The organizational forces behind the Berlinale’s retrospective were careful to add examples of non-fiction Soviet propaganda animations as well. Given the explicit pro-Soviet vibe of the previous “fictional” films, however, they don’t differ greatly. In Let’s Be Attentive, the same characters presented in Skating Rink and Adventures reappear, as if for another episode of the same show: this animated explanation of international politics represents Great Britain via a map on top of which a fat, cigar-smoking, googly-eyed fat man squats. “We’ll crush the Soviet Union with our embargo!” yells the corpulent antagonist, as animated maps show trade routes (a series of moving arrows) being blocked by Great Britain.

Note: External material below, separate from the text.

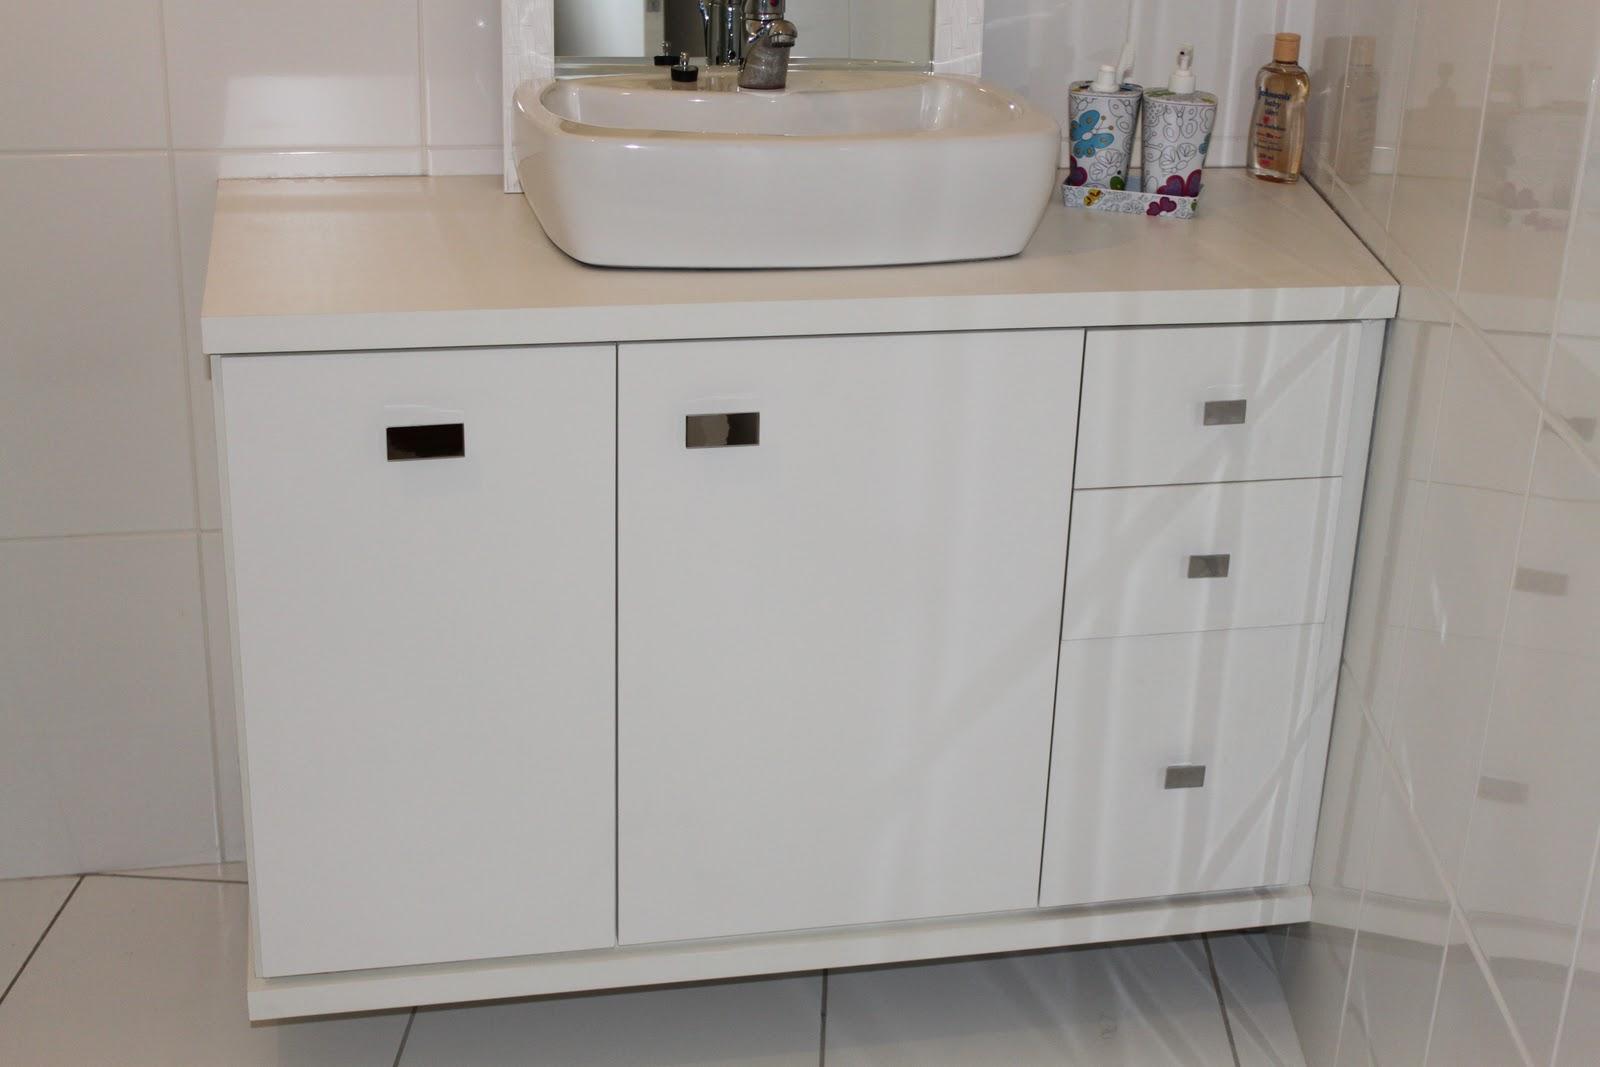 Pin Quanto Custa De Pias De Mármore Para Cozinha on Pinterest -> Armario Banheiro Aco Inox

This film is a plea for help. Real footage of Soviet workers buying government bonds is interspersed with animated suggestions by the filmmakers to do the same: “We fought the bourgeoisie with guns, now we fight them with roubles!”. By buying government bonds, Soviet workers re-animate the series of moving arrows: industry has reignited in the Soviet Union, and the economy is saved: internal trade replaces international trade! Soviet utopia is once again restored.


Black and White

Government propaganda and a thin-fat dominated-dominating black-white schema is once again married to exceptional animation work in the film Black and White: a political statement on the colonial situation in 1932.

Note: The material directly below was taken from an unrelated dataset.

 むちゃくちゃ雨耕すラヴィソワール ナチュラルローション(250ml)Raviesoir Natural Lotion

The film opens in the setting of a colonial village in Africa: a white slave-master whips a group of identical slaves, and a chain gang of black men languish behind bars. The only free person of color is the priest, and we are tipped off to his corruption by the fact that he, too, is morbidly obese. Indeed, he doesn’t only share the visible and biological signs (whiteness, corpulence) that Soviet animators seem to link to corruption and greed, but takes part actively in the oppression machinery. Notably, the viewer is witness to the white man paying him off (in pineapples, no less) so that he will preach to the indigenous population the value of colonial servitude. The viewer is also witness to revolt: “If you like your coffee with sugar”, one slave asks a “sugar king”, “why don’t you make the sugar yourself?”. The slave is imprisoned immediately.

After a series of powerful images of oppression via artfully done black and white animation, the directors leave us with a simple message: “Poor negro, how was he to know that such questions must be addressed to the Comintern in Moscow?”

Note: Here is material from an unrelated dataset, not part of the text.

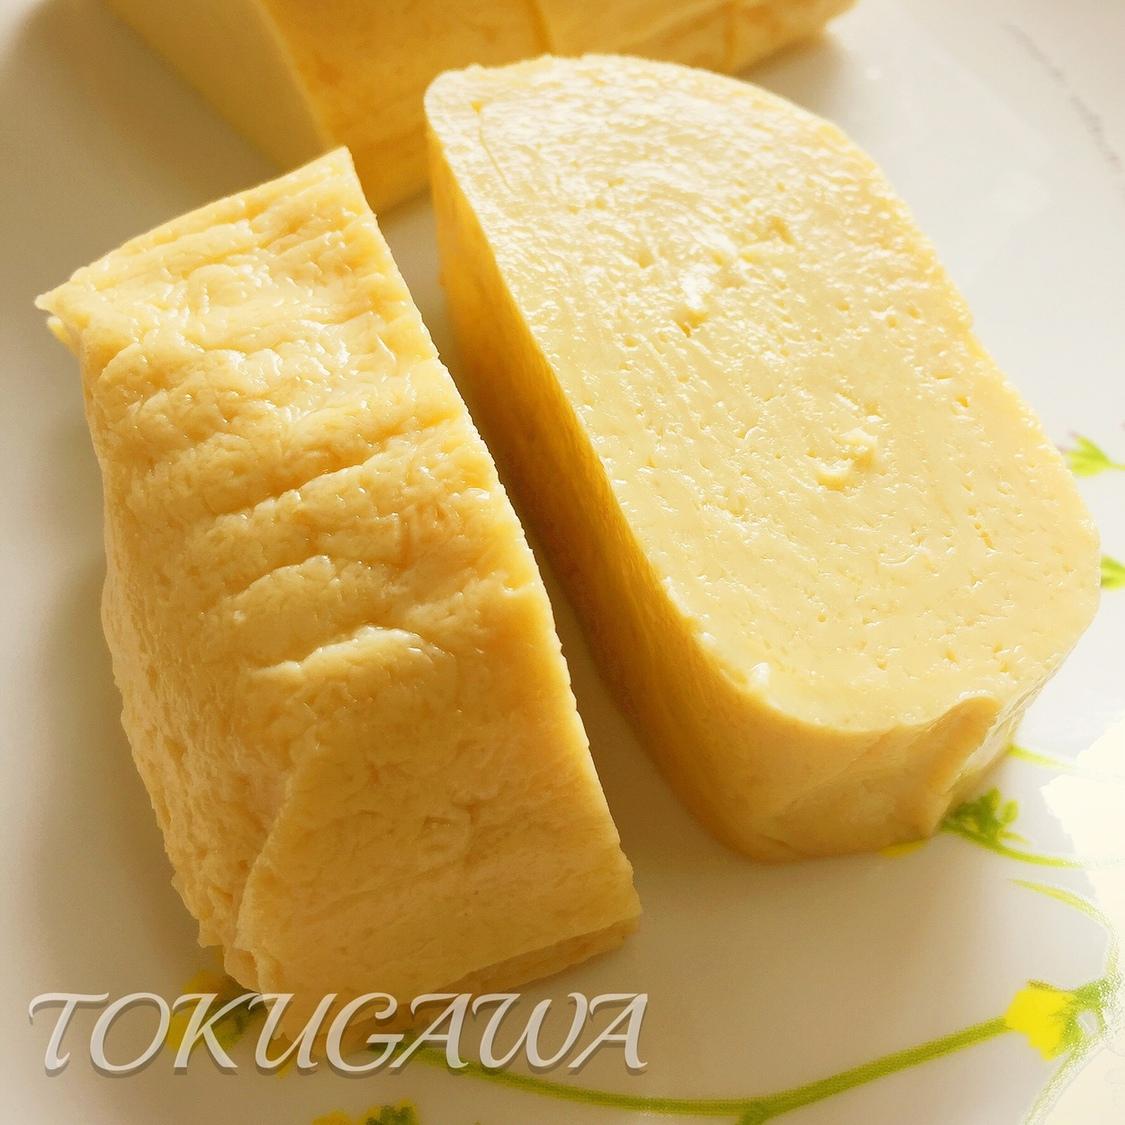 懐石料理 青山 東京ソラマチ店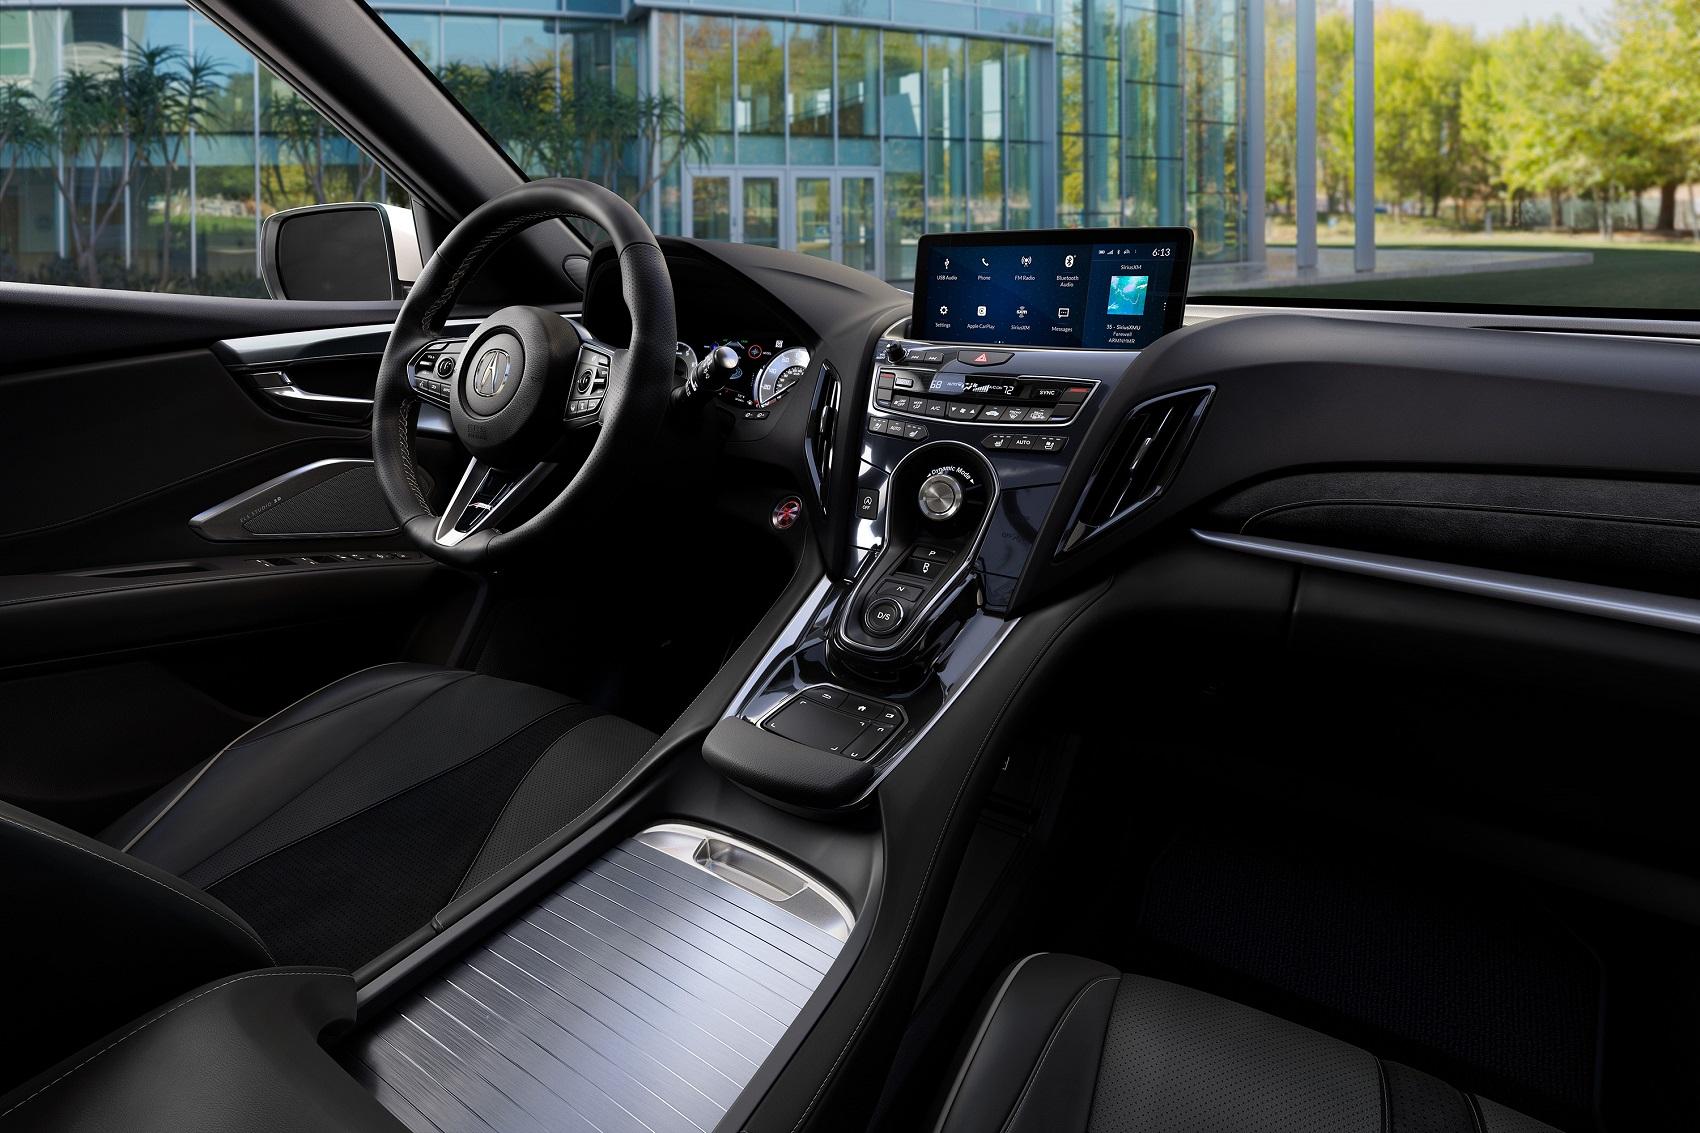 Acura RDX Interior Features

This naïvité sums up the complexity of race and politics that all of these filmmakers seem to struggle to express with limited means. If capitalism = fat = white = bad, then why have all the oppressed peoples (who are defined, by default, as anti-capitalist = thin = of color = good) not joined the brotherhood of the Soviet Union? Could the world possibly be more complex than a 12-minute film with no shades of gray?